The Speculator

PORTFOLIO POINT: A spooked market sells down miners - many with no operations in Australia - and our Coalworks investment droops even as it signs a winning farm-out with Japan.
Many sharemarket punters appeared to be running around like headless chooks this week as they panicked out of the resources market in confusion over proposed tax changes.
On a normal day, one would have expected our investment in Coalworks Ltd (CWK) to hold firm or even advance on news that a farm-in deal worth $11 million had been signed with a Japanese giant to develop the company's 42 million tonne thermal coal resource in the Gunnedah Basin of NSW.
The deal was announced yesterday and Coalworks shares promptly fell from a day's high of 49¢ to a day's low of 41¢ on turnover of close to 770,000 shares. Luckily for readers of this column, we picked up the shares at 27.5¢ on March 9, so we're still well in front and I'll continue to hold them for the present.
A Coalworks subsidiary - Coalworks (Vickery South) Pty Ltd - signed the farm-in agreement with ICRA Vickery Pty Ltd (a subsidiary of ITOCHU Corporation of Japan, which has extensive experience in the development of coal mines and the global marketing and sale of coal).
Up to $11 million will be spent by the Japanese company at the Vickery South project, where drilling is now under way, to undertake a preliminary feasibility study and complete a bankable feasibility study for an open pit mine by mid-2011.
The 42 million tonne Vickery South Resource is only a modest part of the Coalworks portfolio, which includes Oaklands in southern NSW (with a JORC measured, indicated and inferred resource of 822 million tonnes of thermal coal) and Ferndale in NSW's Upper Hunter with a target resource of 250-300 million tonnes of coking/ thermal coal.
Other stricken stocks
Even Australian-listed companies with no mining activities in Australia were marked down on Tuesday. Kingsgate Resources (KCN), a gold miner focused entirely on Thailand and Laos, saw its shares yesterday fall from a day's high of $8.71 to $8.26 on turnover of 409,000, although there was no significant change in the world gold price.

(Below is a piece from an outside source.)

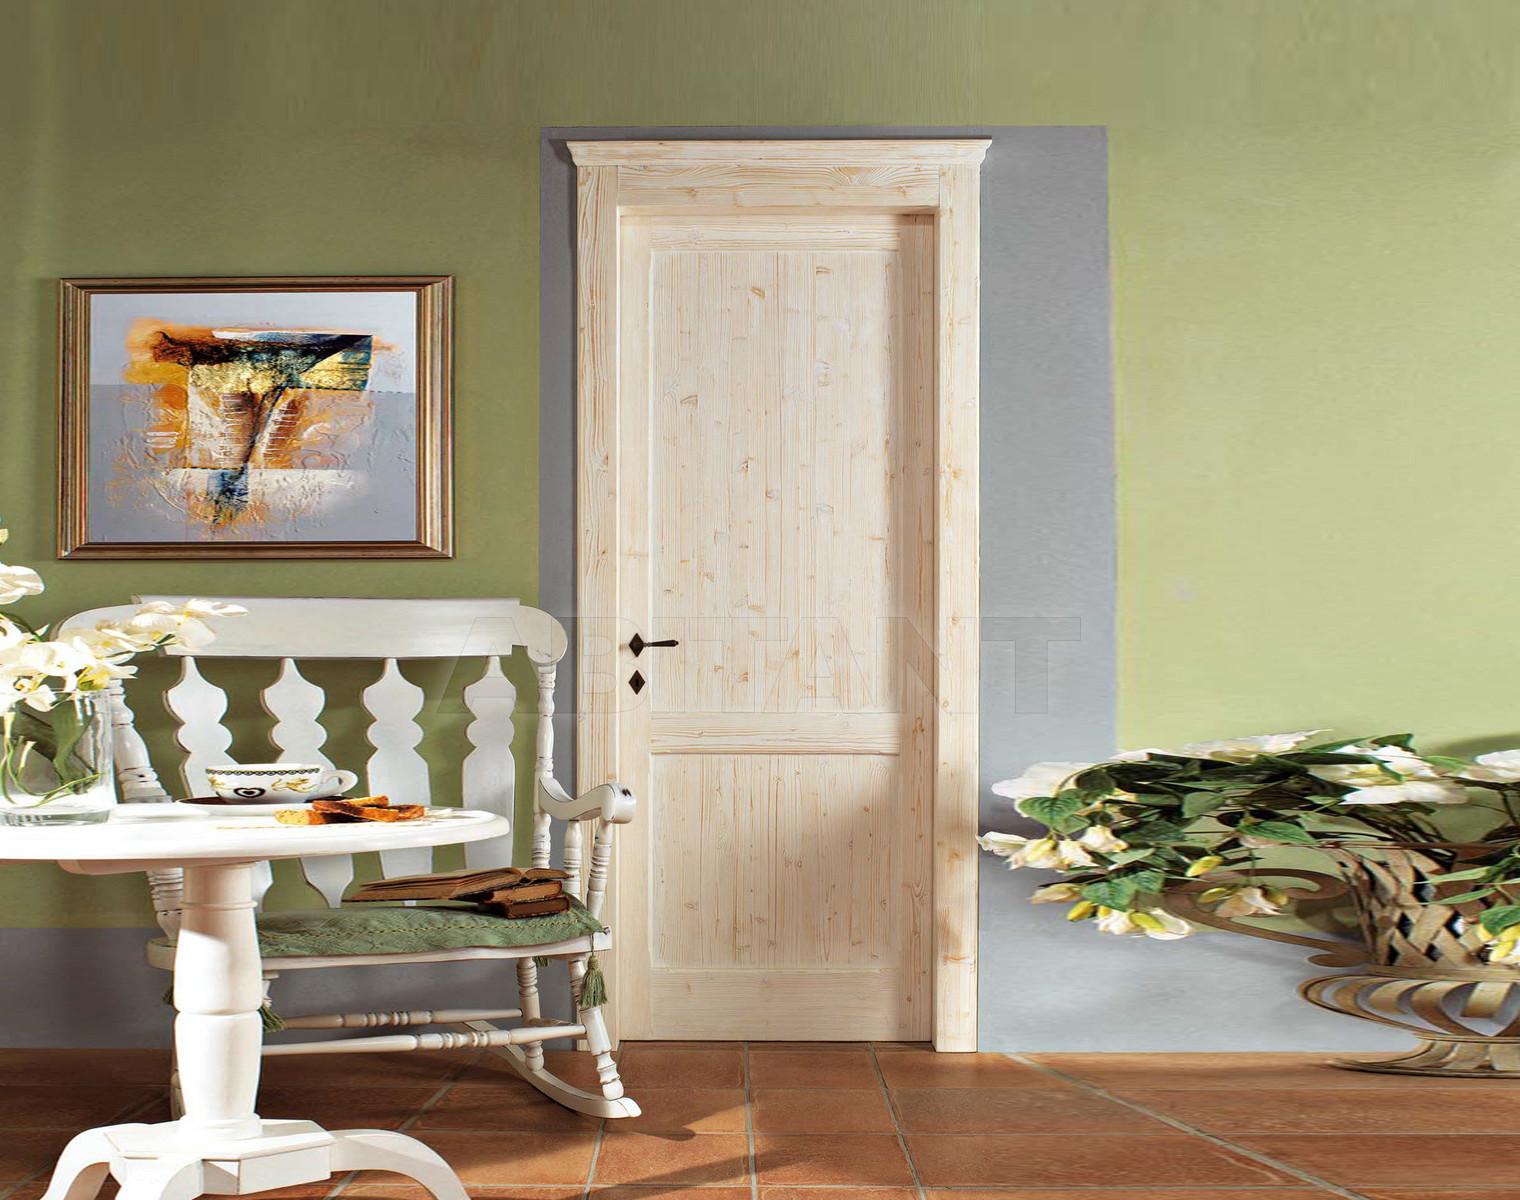 Купить Дверь деревянная Tiferno Mobili Dinasie N3COP05ABE pag. = 74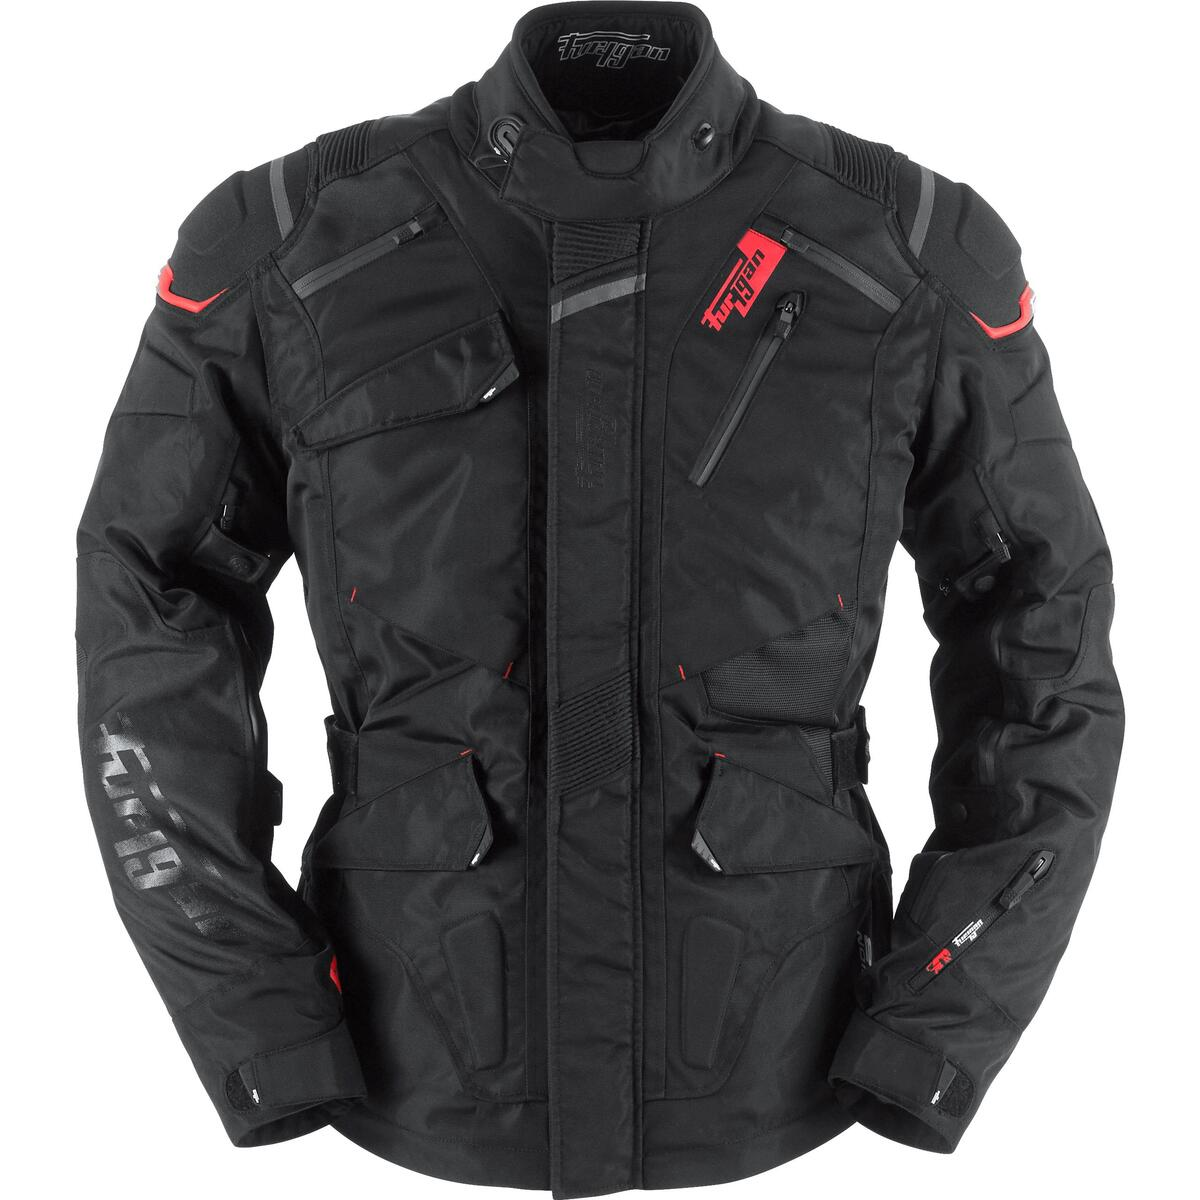 Bild 2 von Furygan Vulcain 3in1 Textiljacke schwarz Herren Größe L

Our prized prospector Robust Resources also wilted, with its shares dipping from a close last week of $2.10 to a day's low of $1.75 on a turnover of 814,000 shares - yet its entire enterprise is based on Indonesia's Romang Island, 500 kilometres north-west of Darwin.
Today, Robust at one stage was marked down further to a day's low of $1.65 even though there is no way I can see that the 40% Resources Super Profits Tax (RSPT) can be extended to Indonesian resources.

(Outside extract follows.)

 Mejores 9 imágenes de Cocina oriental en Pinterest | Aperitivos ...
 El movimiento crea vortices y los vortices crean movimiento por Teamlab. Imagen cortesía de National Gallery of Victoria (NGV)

While major income earning resource companies such as BHP-Billiton and Rio Tinto will see their profits clipped from Australian operations, the proposed measures won't be introduced until July 1, 2012.
A letter landed on my desk from a client of Adelaide-based tax lawyers McCullough Robertson, who see some merit in parts of the new tax proposals.
From July 1 next year, Australian prospectors and mine developers yet to earn a profit will get a resource exploration rebate at the company tax rate for exploration costs. This will enable companies in a tax loss situation to receive a cash rebate, rather than the present system where upfront deductions can create unusable tax losses for start-up companies and junior explorers.
Since the new profits tax regime will replace state royalties on production, new projects yet to turn a profit should benefit from reduced royalty obligations.